For which group-alphabet pairs $(G, A)$ does $(G, A^G)$ admit a topologically mixing cellular automaton?

Definitions:

Let $G$ be a (discrete) group. An **alphabet** is a finite set of cardinality at least two. The **full shift** on the group $G$ and alphabet $A$ is the group action $(G, A^G)$, where $A^G$ has its product topology and $G$ acts by $gx_h = x_{g^{-1}h}$. A **cellular automaton** or **CA** is a continuous function $f : A^G \to A^G$ that commutes with the action, i.e. $g \cdot f(x) = f(g \cdot x)$ for all $g \in G$ and $x \in A^G$. Let's say a **dynamical $\mathbb{N}$-system** is a pair $(f, X)$ where $f : X \to X$ is continuous and $X$ is a compact metrizable space. If $f$ is a CA, then $(f, A^G)$ is a dynamical $\mathbb{N}$-system. A dynamical $\mathbb{N}$-system $(f,X)$ is *topologically mixing* if
$$ \forall \mbox{ open sets } U, V \subset X: \exists n_0 \in \mathbb{N}: \forall n \geq n_0: f^{-n}(V) \cap U \neq \emptyset. $$

Some things out of the way:

- If $G$ contains a finitely-generated infinite group $H$ and $(H, A^H)$ admits a topologically mixing CA $f$, so does $(G, A^G)$.

Proof: By acting as $f$ separately on each left coset of $H$ we obtain a CA $f' : A^G \to A^G$ whose action is isomorphic (as a dynamical $\mathbb{N}$-system) to the (possibly infinite) product system $\prod_{i \in G/H} (f, A^H)$, and a product of topologically mixing systems is clearly topologically mixing.

- In particular, if $\mathbb{Z} \leq G$ then $(G,A^G)$ admits a topologically mixing CA.
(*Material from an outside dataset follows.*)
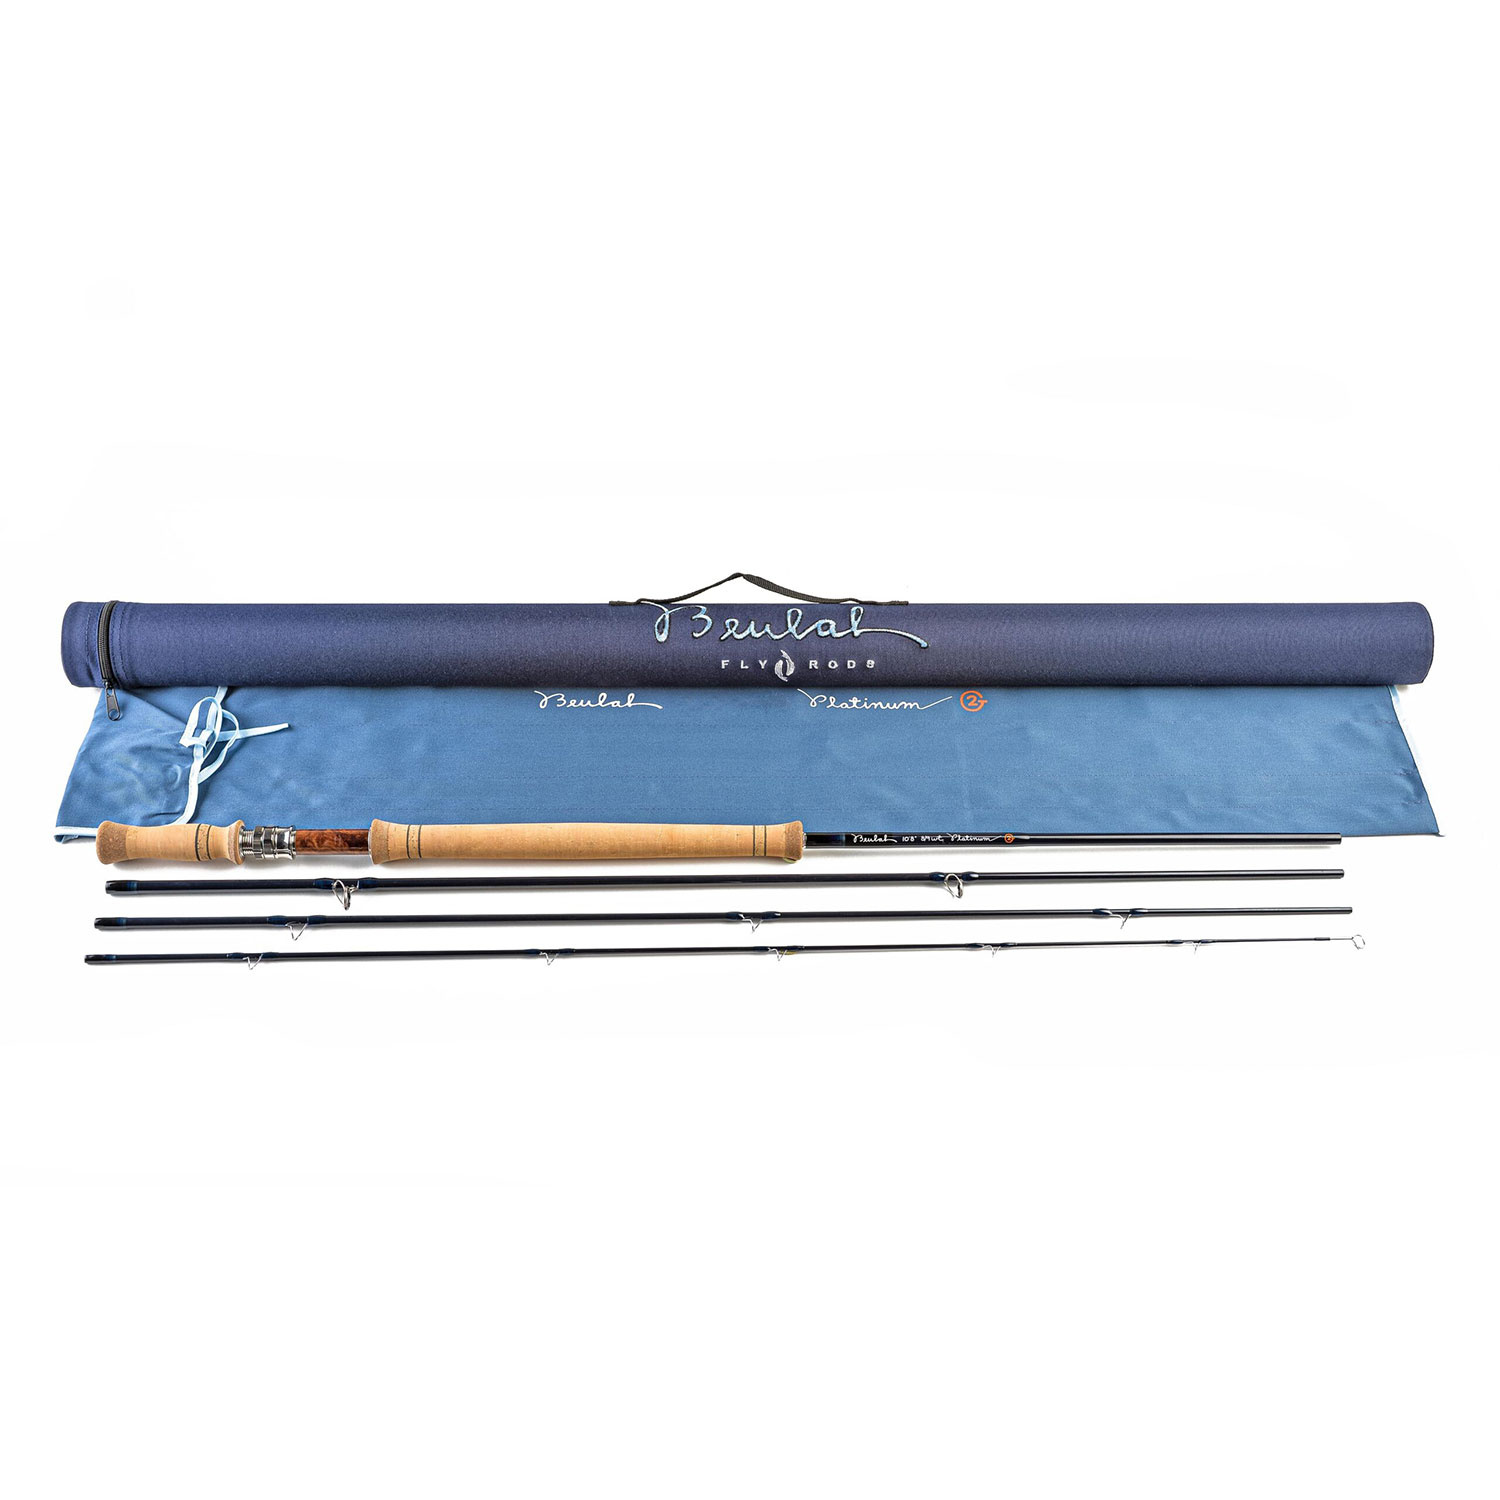 Beulah G2 Platinum Spey DH Fly Rod

Proof: On $A^{\mathbb{Z}}$, the shift by $1 \in \mathbb{Z}$ is itself a CA (since $\mathbb{Z}$ is abelian), and obviously it is topologically mixing. Now apply the previous item.

- If $G$ is finite, then topological mixing cannot happen for any alphabet $A$.

Proof: Fixed points of the $G$-action stay fixed, and every set is open.

- If $G$ is infinite and locally finite, then topological mixing cannot happen for any alphabet $A$.

Proof: A cellular automaton has a finite *neighborhood* $N \subset G$ such that $x \mapsto f(x)_g$ factors through $x \mapsto x|_{gN}$. The CA $f$ acts separately on the left cosets of $\langle N \rangle$, and we can apply the previous item to conclude it is not topologically mixing when $\langle N \rangle$ is finite.

Now, I am expecting that the answer to the above question is "Exactly the pairs $(G, A)$ such that $G$ is not locally finite." If I am correct in this, in light of the previous items, the following is the gist of the problem.

Let $G$ be a finitely-generated torsion group. Find a topologically mixing CA on the full shift $(G, A^G)$ (for some alphabet $A$, preferably for all).

Of course $f$ has to be surjective, and I would be especially interested in a bijective example (on some groups, e.g. the Grigorchuk group, injective implies bijective). If you can do just topological transitivity, that's also interesting. If you prefer ergodicity or measure-theoretic mixing notions (for the uniform Bernoulli measure on $A^G$), that's also interesting but presumably harder to do.